Content starts

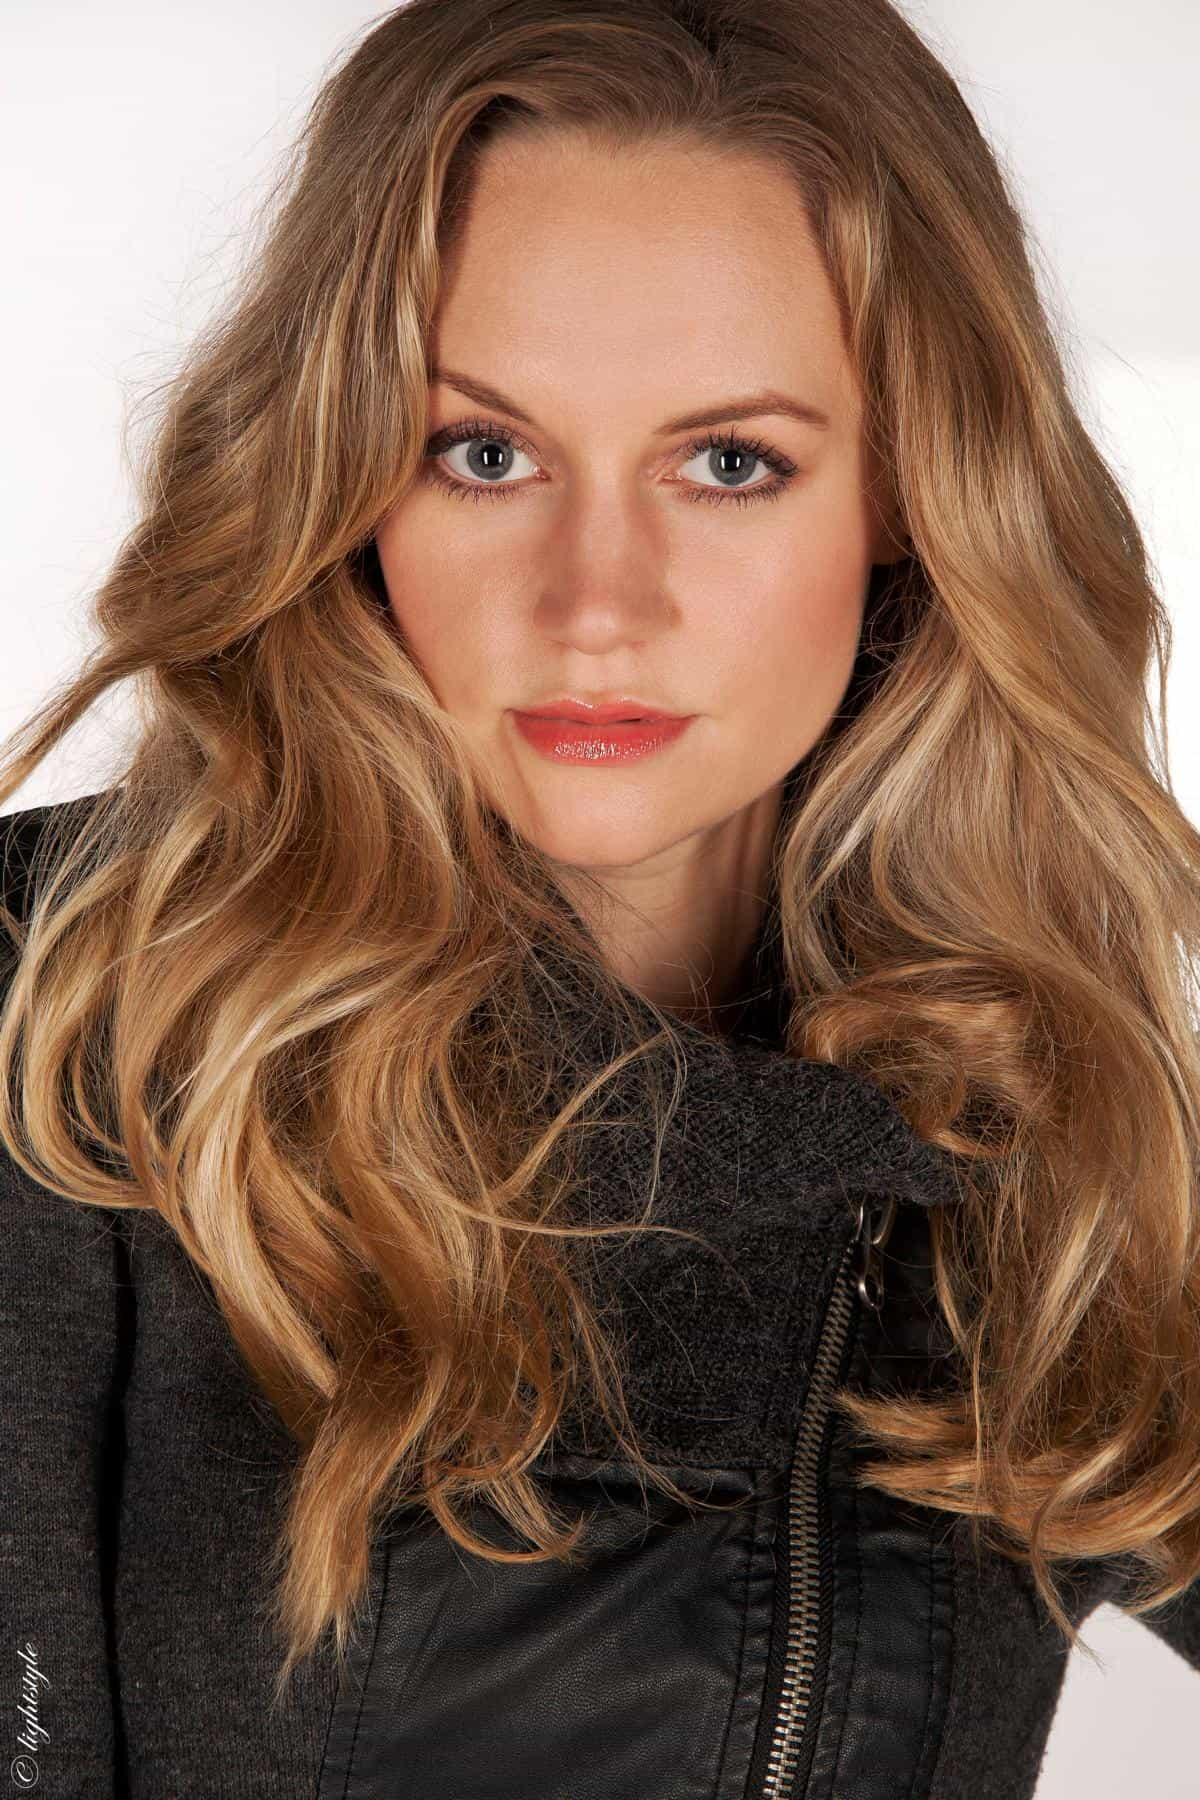 Janina Treis Treis ist eine Stuttgarter Moderatorin. Durch ihr schauspielerisches Talent wird sie regelmäßig für Werbe- & Filmaufnahmen gebucht. Kunden sind u.a.. BOSCH, Galileo, BW-Bank, WMF.
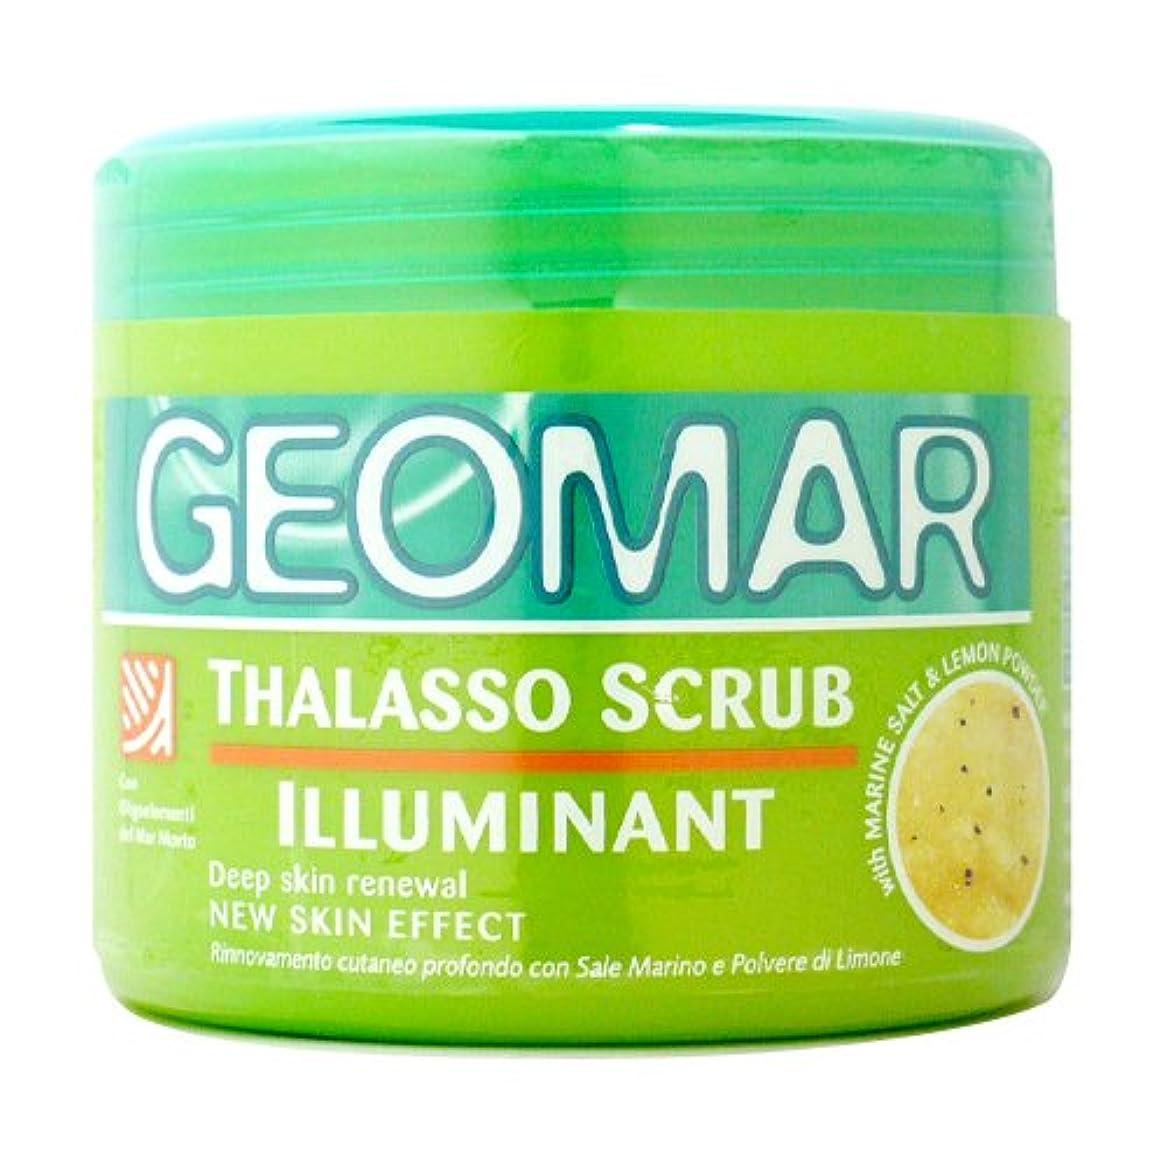 受動的置換断言するジェオマール タラソスクラブ イルミナント (ブライトレモン) 600g
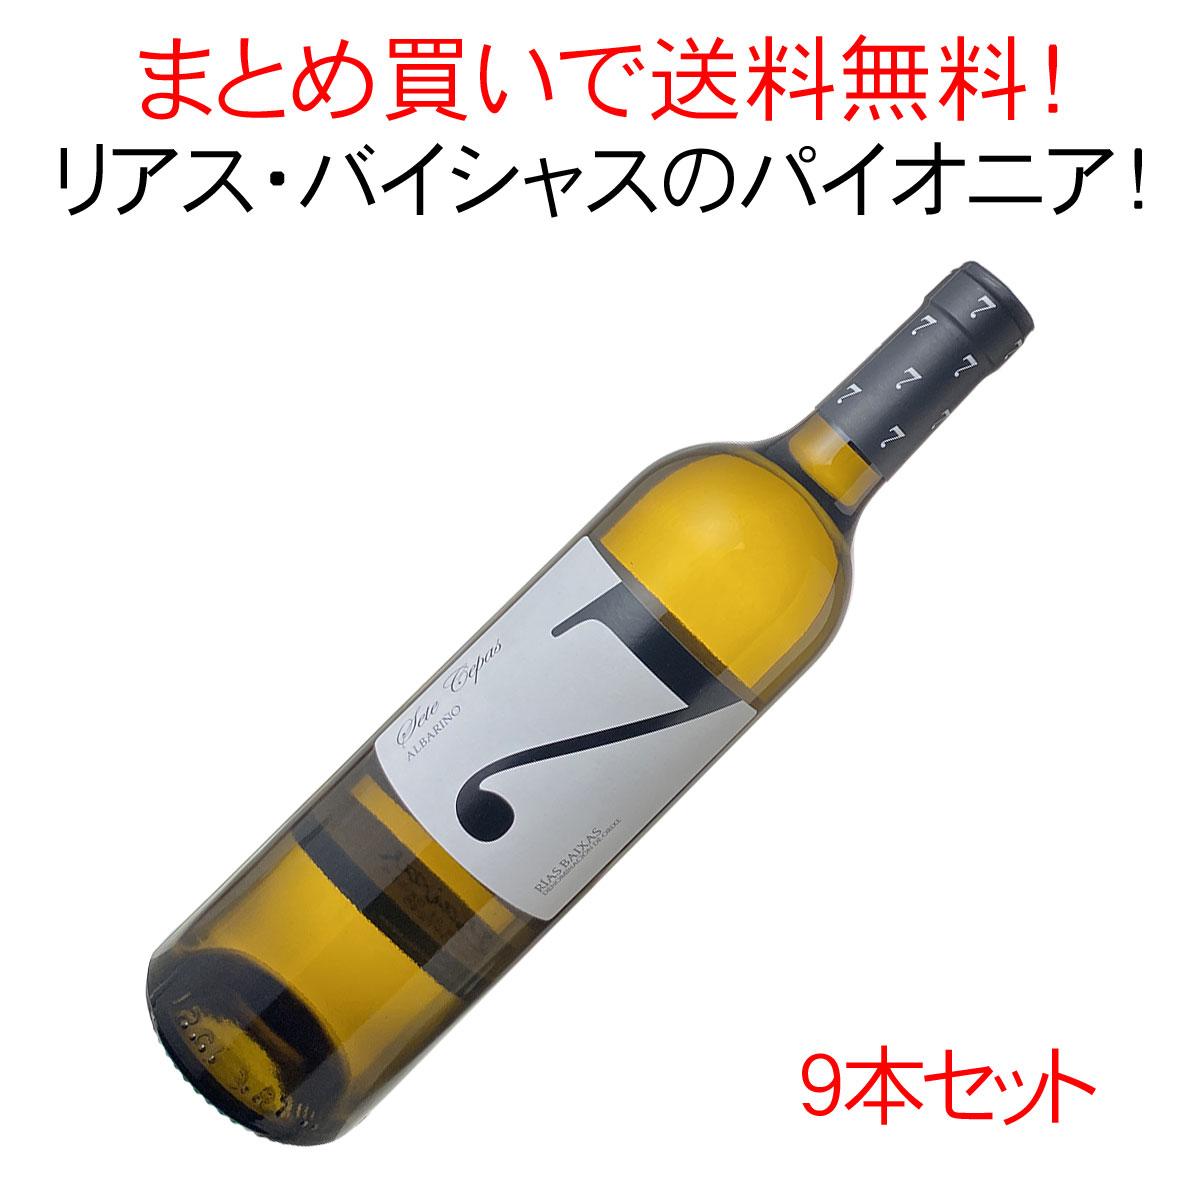 【送料無料】セテ・セパス アルバリーニョ [2019] ボデガ・カルバジャル 1ケース9本セット <ワイン/スペイン>
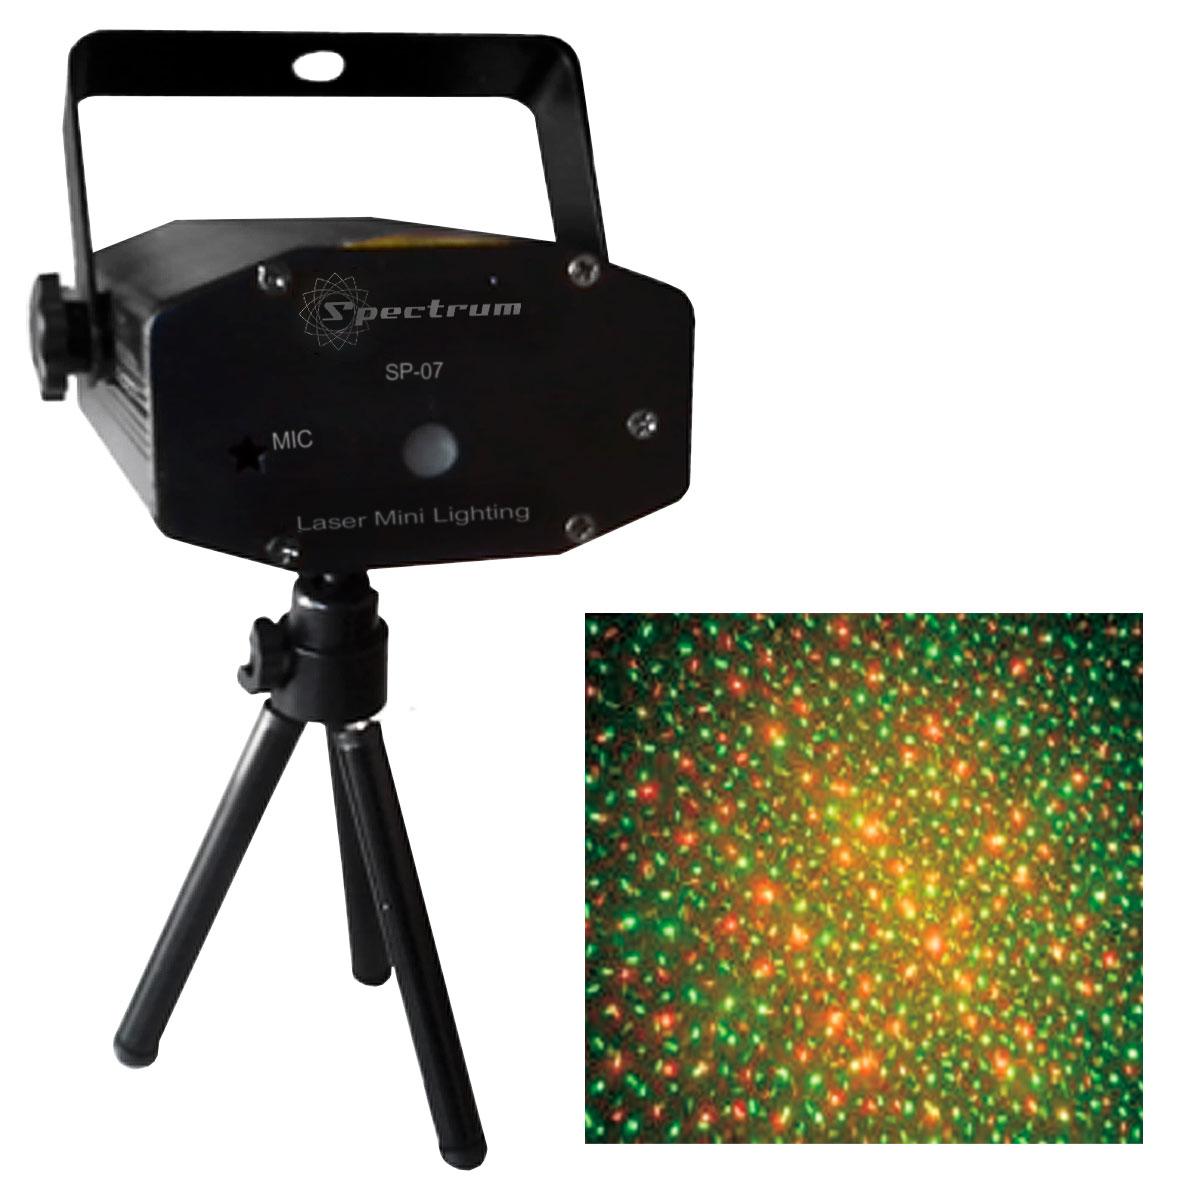 SP07 - Canhão de Laser Verde / Vermelho SP 07 - Spectrum
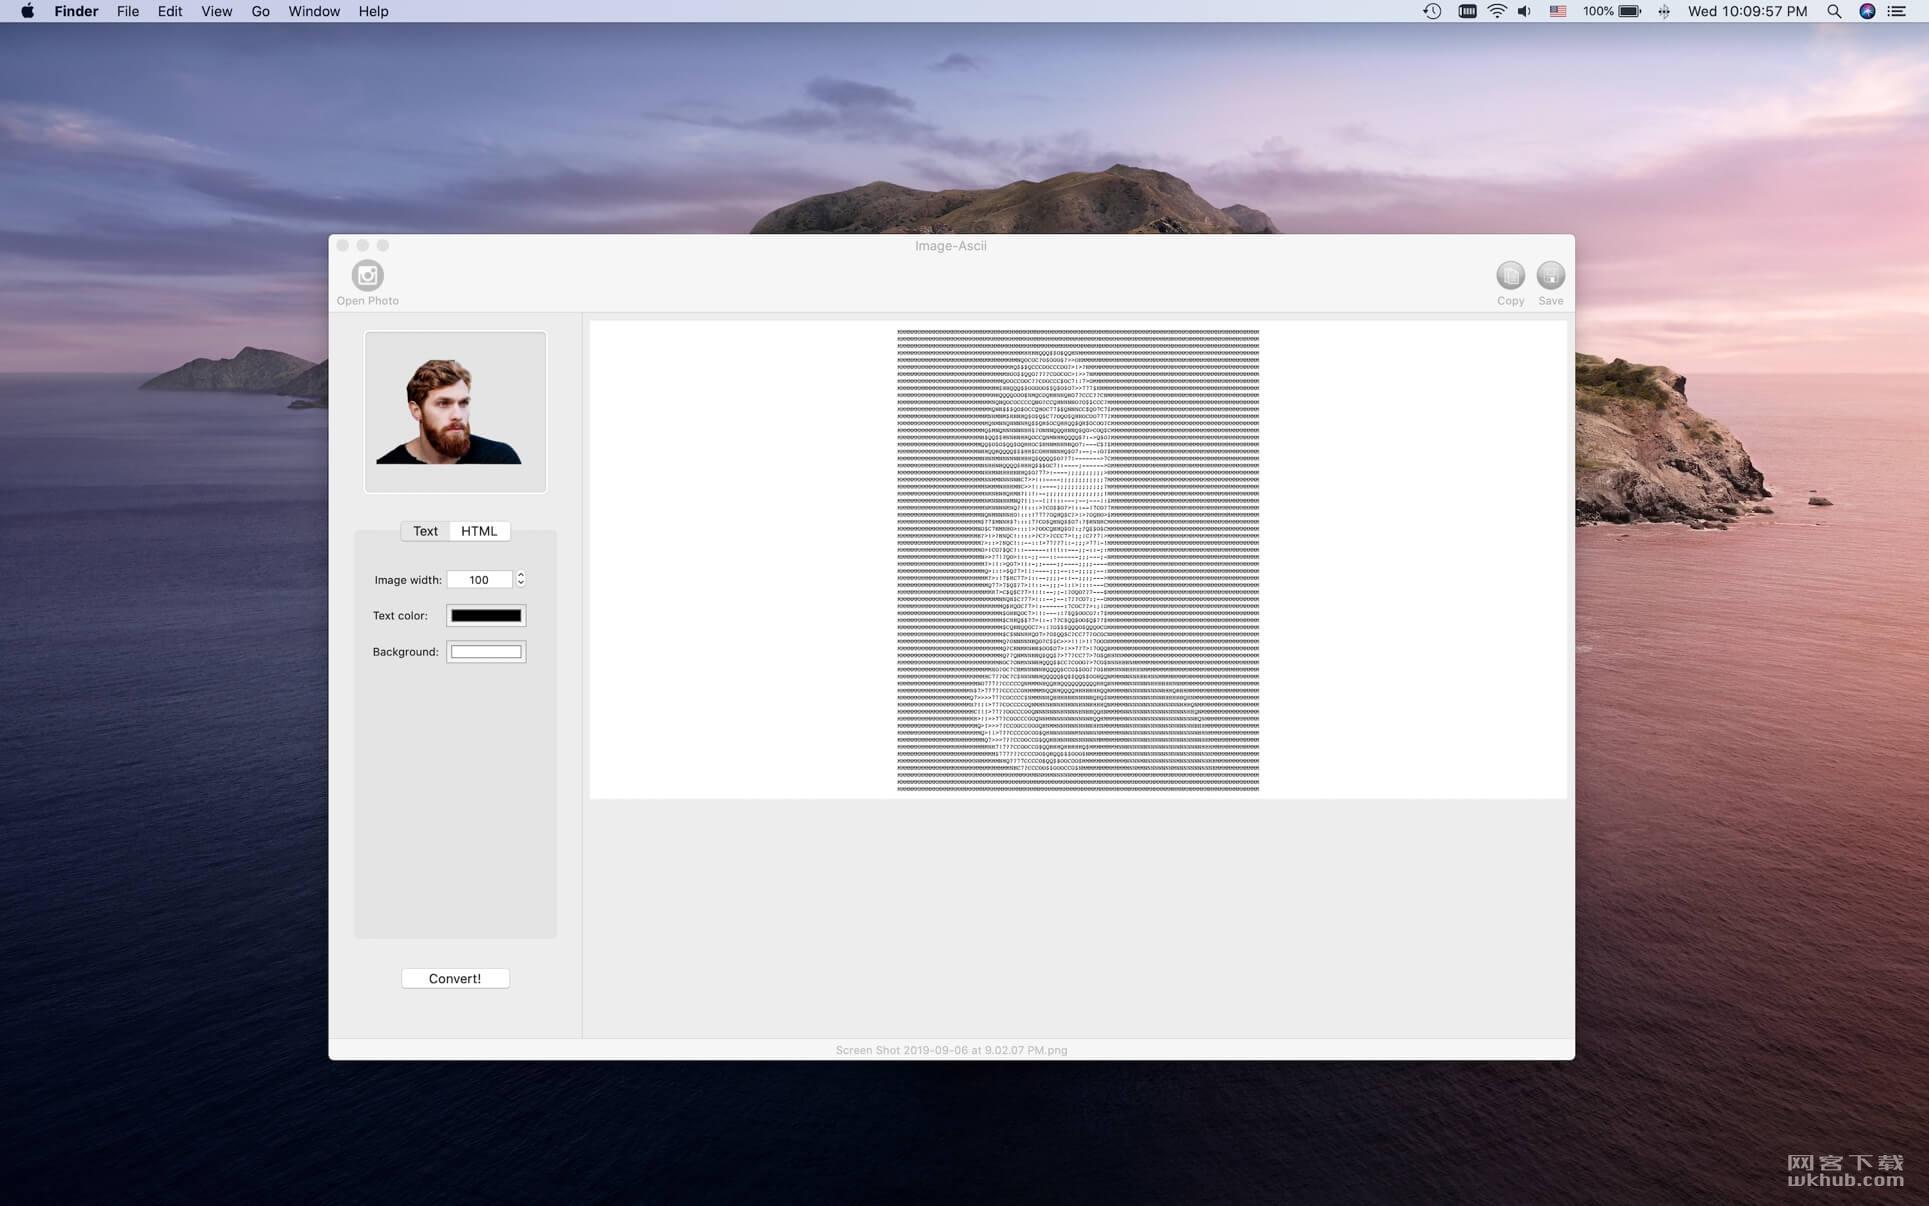 Image-Ascii 2.3 图片转字符画工具

Content ends

Each line from the one that holds "ボデガ・カルバジャル 1ケース9本セット <ワイン/スペイン>" through the end of the entries must be returned exactly, while any pictures stay out.

## ANSWER BOX
 【送料無料】セテ・セパス アルバリーニョ [2019] ボデガ・カルバジャル 1ケース9本セット <ワイン/スペイン>
 SP07 - Canhão de Laser Verde / Vermelho SP 07 - Spectrum
 Image-Ascii 2.3 图片转字符画工具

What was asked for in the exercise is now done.